2. Sur l’argument de l’anachronisme juridique
Benjamin Stora invoque le risque d’anachronisme, affirmant que l’on ne peut juger le XIXᵉ siècle avec les instruments juridiques du XXIᵉ. Or la loi algérienne ne vise ni à juger pénalement des individus du passé, ni à appliquer rétroactivement des sanctions. Elle s’inscrit dans une logique contemporaine de qualification de crimes d’État imprescriptibles, principe admis en droit international moderne. Refuser toute qualification au nom de l’anachronisme revient à considérer que certains crimes seraient durablement soustraits à toute reconnaissance juridique.
3. Sur la focalisation excessive sur l’inapplicabilité pénale
Tahar Khalfoune insiste sur les obstacles juridiques : non-rétroactivité du droit pénal, accords d’Évian, amnisties, limites des juridictions internationales. Cette lecture suppose implicitement que l’objectif central de la loi serait la poursuite pénale d’auteurs individuels. Or le cœur du texte réside ailleurs : il s’agit d’une loi-cadre imposant à l’État algérien une obligation d’action, de revendication et de positionnement officiel. L’exécutabilité pénale n’épuise ni la portée ni la rationalité du texte.

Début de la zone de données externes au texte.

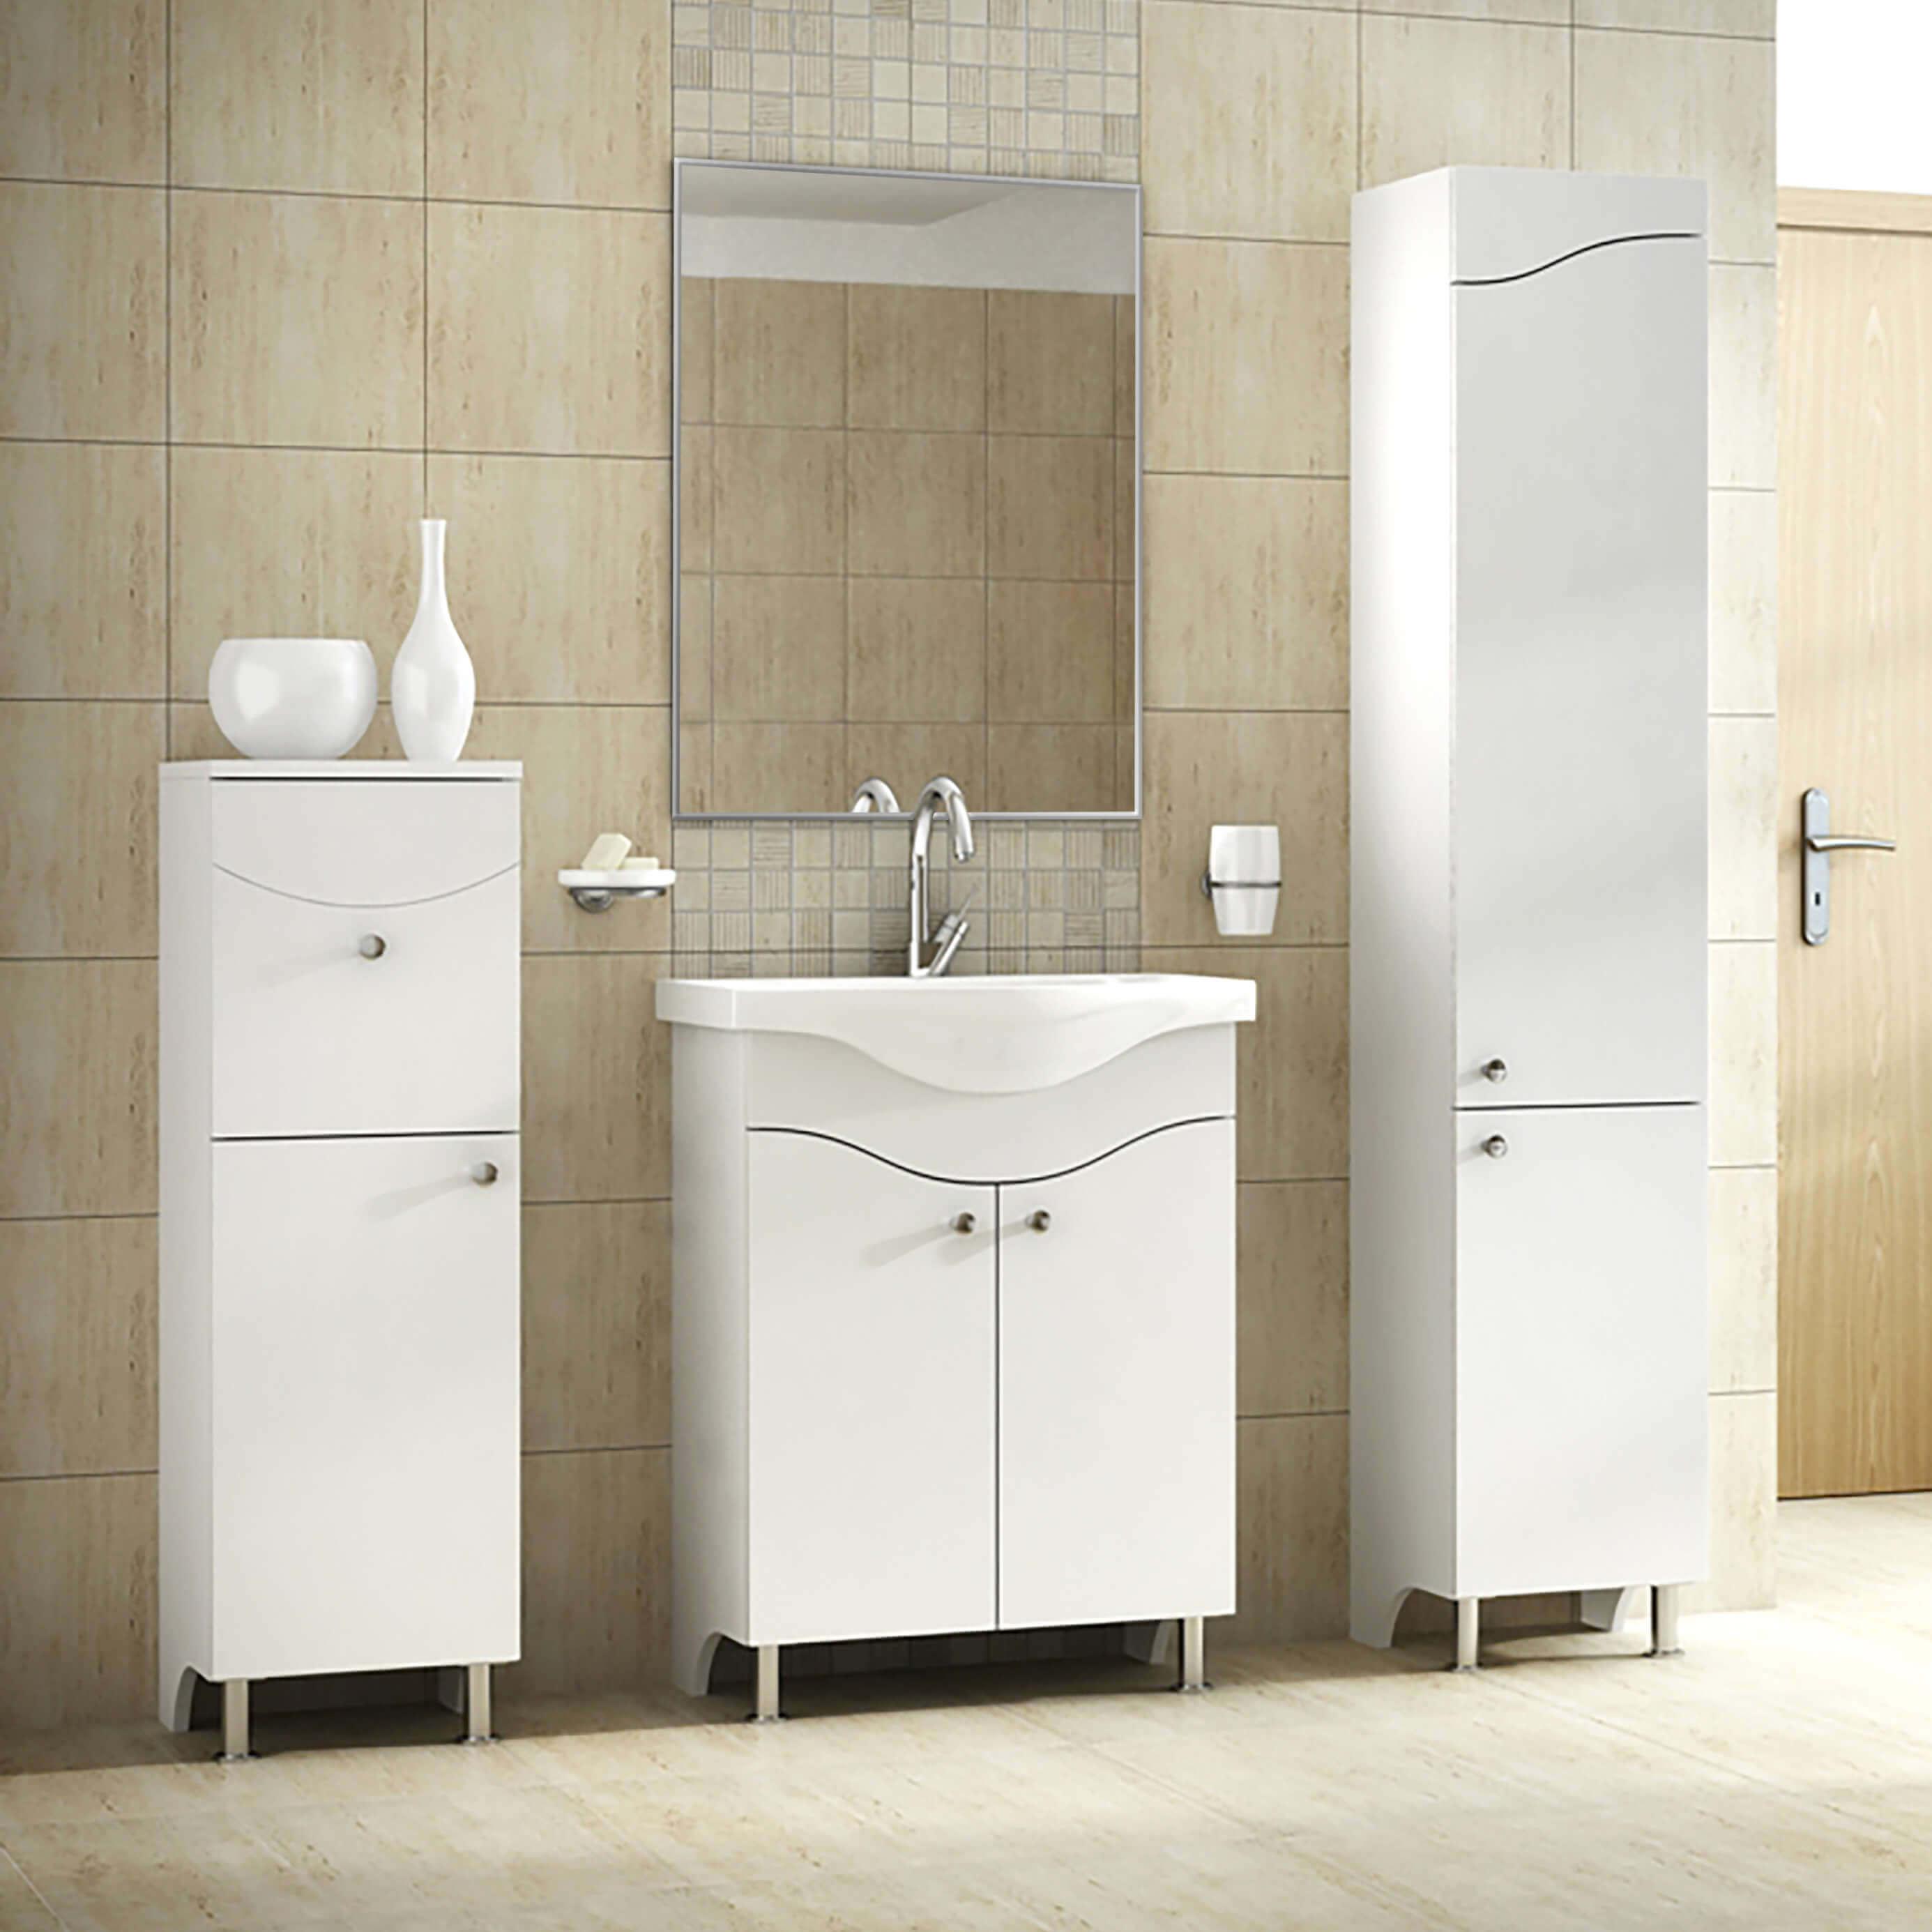 Badezimmermöbel Badmöbel Waschtisch Hochschrank Spiegel Standfüße ...

4. Sur la critique générale des lois mémorielles
Benjamin Stora se déclare dubitatif vis-à-vis des lois mémorielles, y compris françaises. Cette critique, bien connue, ignore cependant une asymétrie fondamentale : la France a multiplié les lois, résolutions et reconnaissances mémorielles lorsqu’il s’agissait de son propre rapport au passé. L’argument devient problématique lorsqu’il est mobilisé pour disqualifier a priori une initiative similaire émanant d’un ancien colonisé. La critique des lois mémorielles ne saurait être sélective sans perdre sa cohérence.

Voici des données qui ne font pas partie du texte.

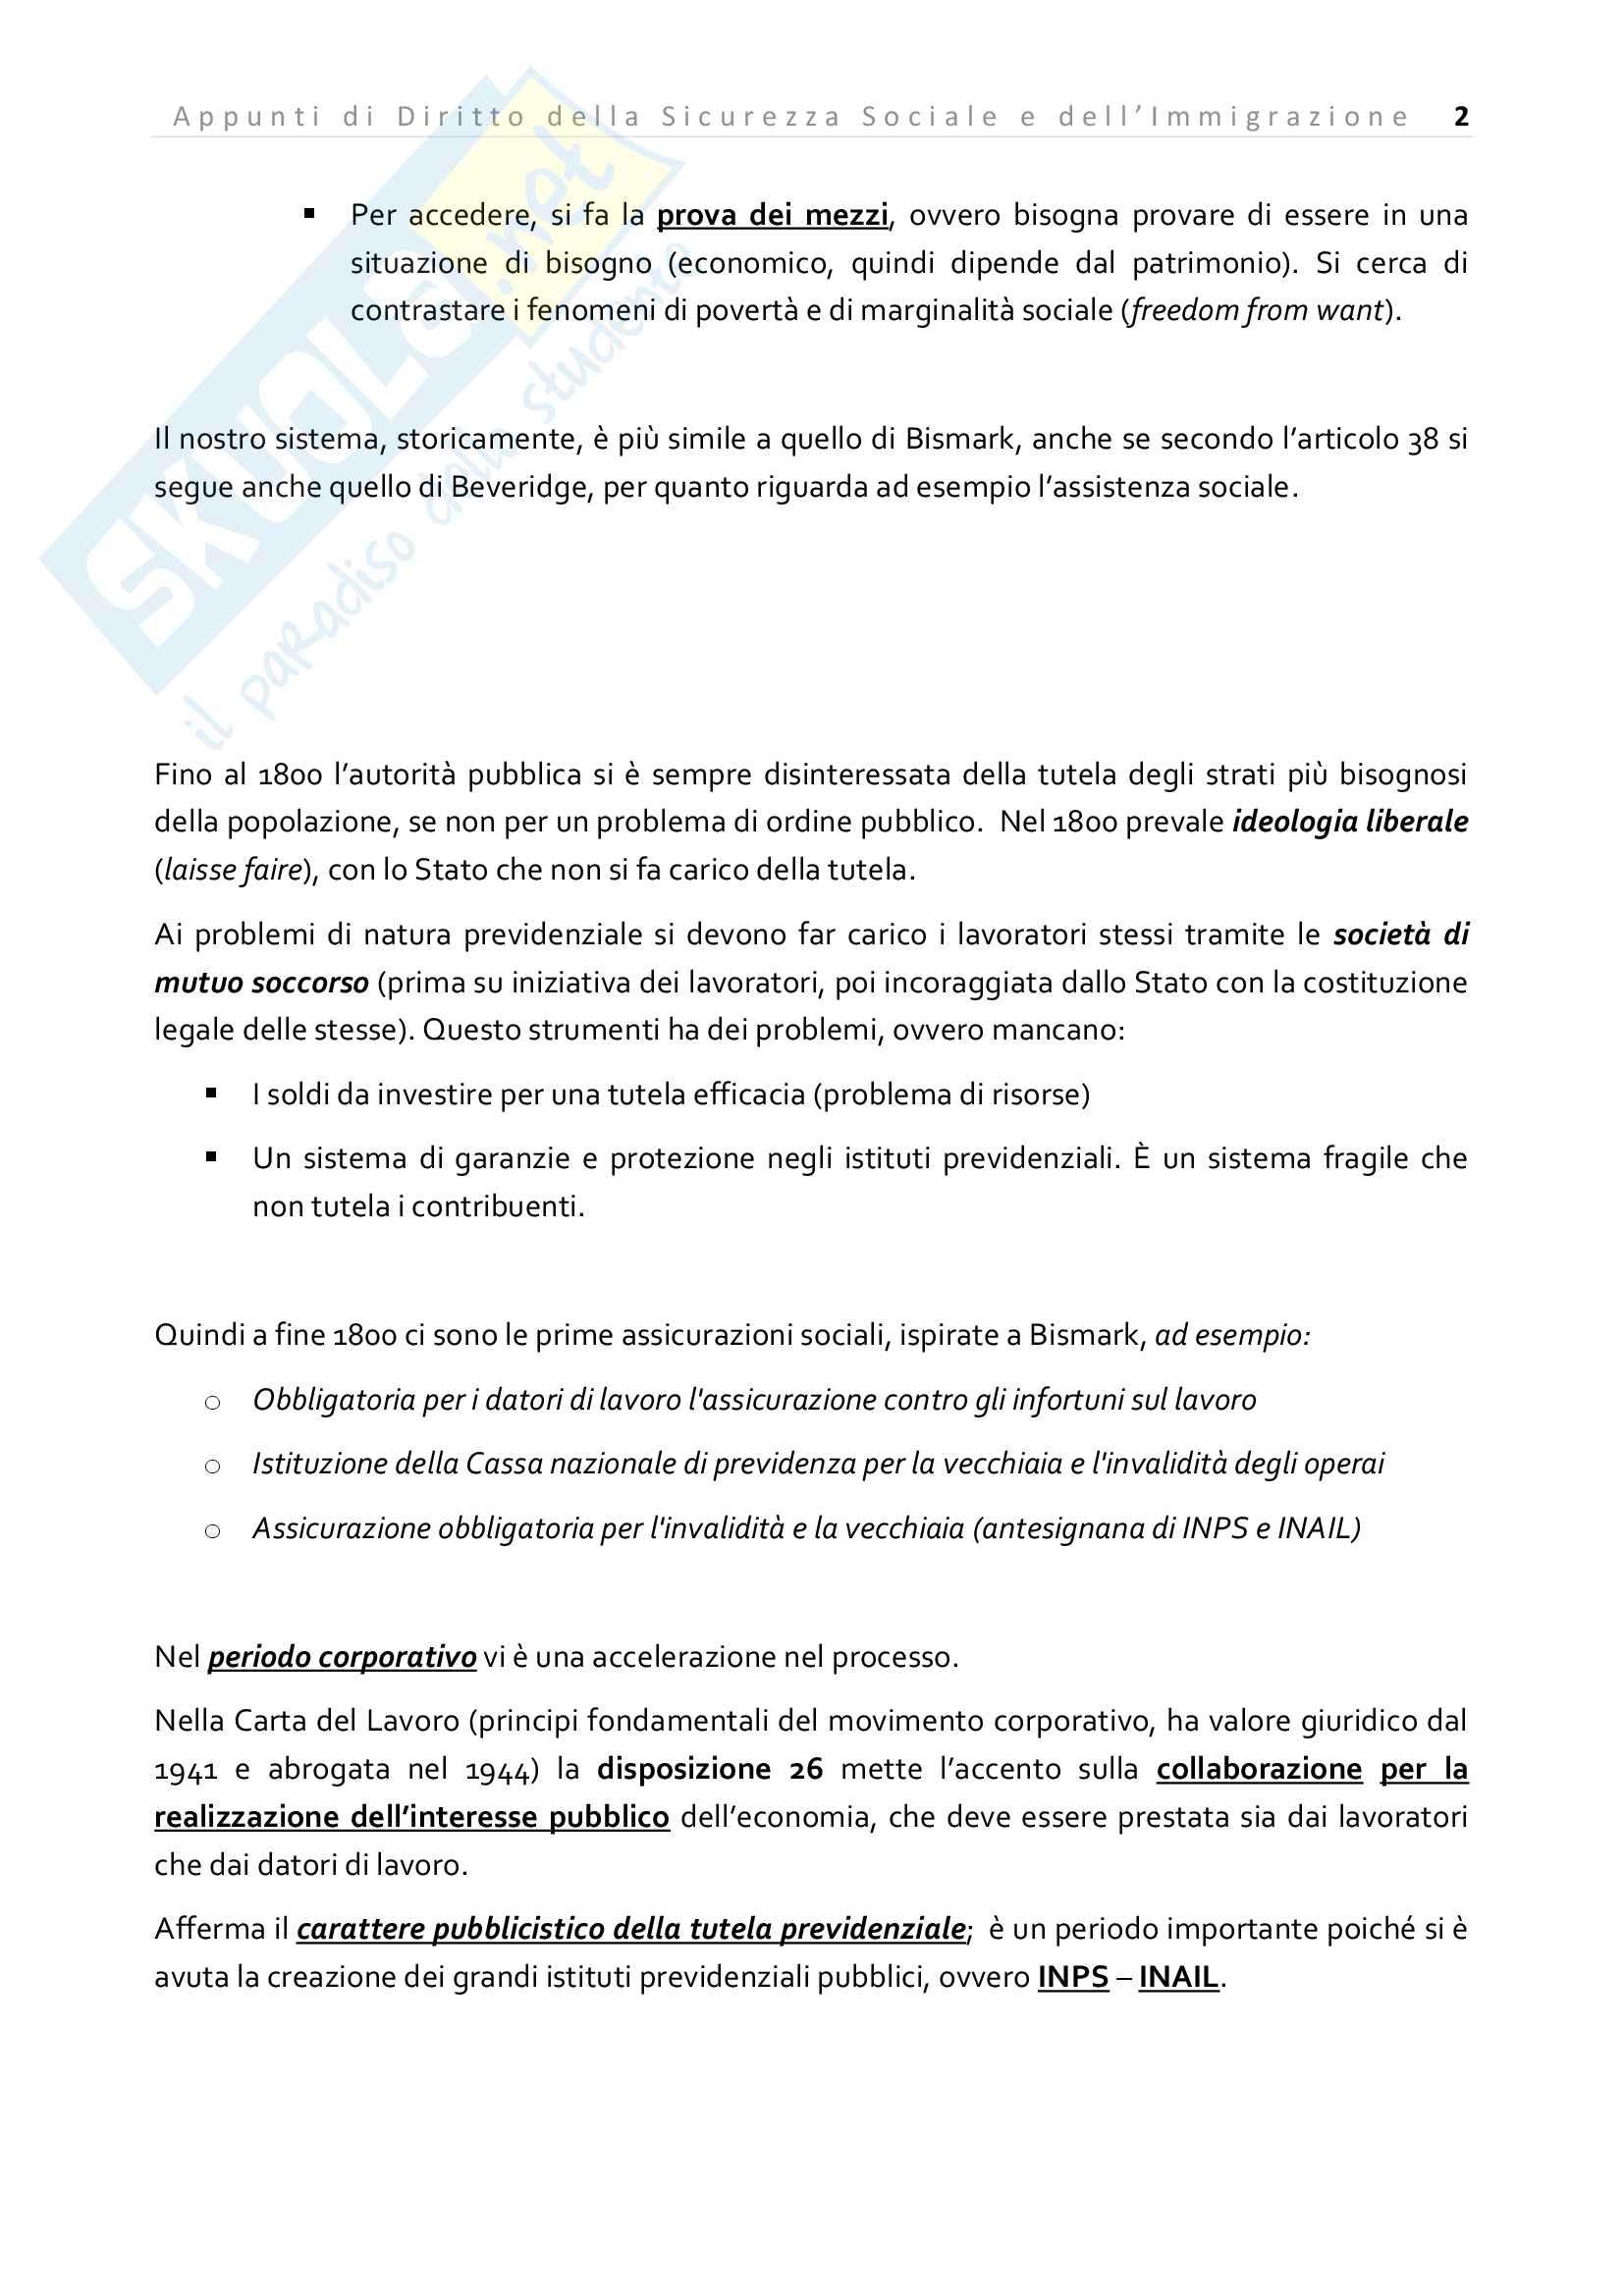 Appunti di Diritto della Sicurezza sociale e dell'immigrazione Pag. 2

5. Sur la lecture nationaliste du texte
Les deux intervenants évoquent une poussée nationaliste, voire un nationalisme exacerbé, pour expliquer le retour de la loi. Cette approche psychologise le débat et évite d’en affronter le contenu juridique. La revendication de reconnaissance et de réparation est analysée comme une expression émotionnelle plutôt que comme une démarche politique structurée. Une telle lecture tend à délégitimer toute demande de justice historique en la réduisant à un affect collectif.
6. Sur la place de la jeunesse algérienne
Tahar Khalfoune affirme que la colonisation serait davantage une obsession des élites que de la jeunesse. Cette affirmation est contredite par les dynamiques observables depuis le Hirak, où les références à la guerre de libération et aux figures de la résistance ont été centrales. Loin d’être marginale, la question coloniale structure une part importante du rapport des jeunes Algériens à l’État, à la souveraineté et à l’histoire nationale.
7. Sur la menace supposée contre la recherche académique
L’argument selon lequel la loi pourrait restreindre le champ de la recherche repose sur une confusion entre négationnisme, apologie et travail scientifique. Le texte vise la glorification ou la justification du colonialisme, non la recherche critique. Aucune expérience internationale sérieuse ne montre qu’une loi mémorielle empêche durablement le travail académique lorsqu’elle est clairement circonscrite.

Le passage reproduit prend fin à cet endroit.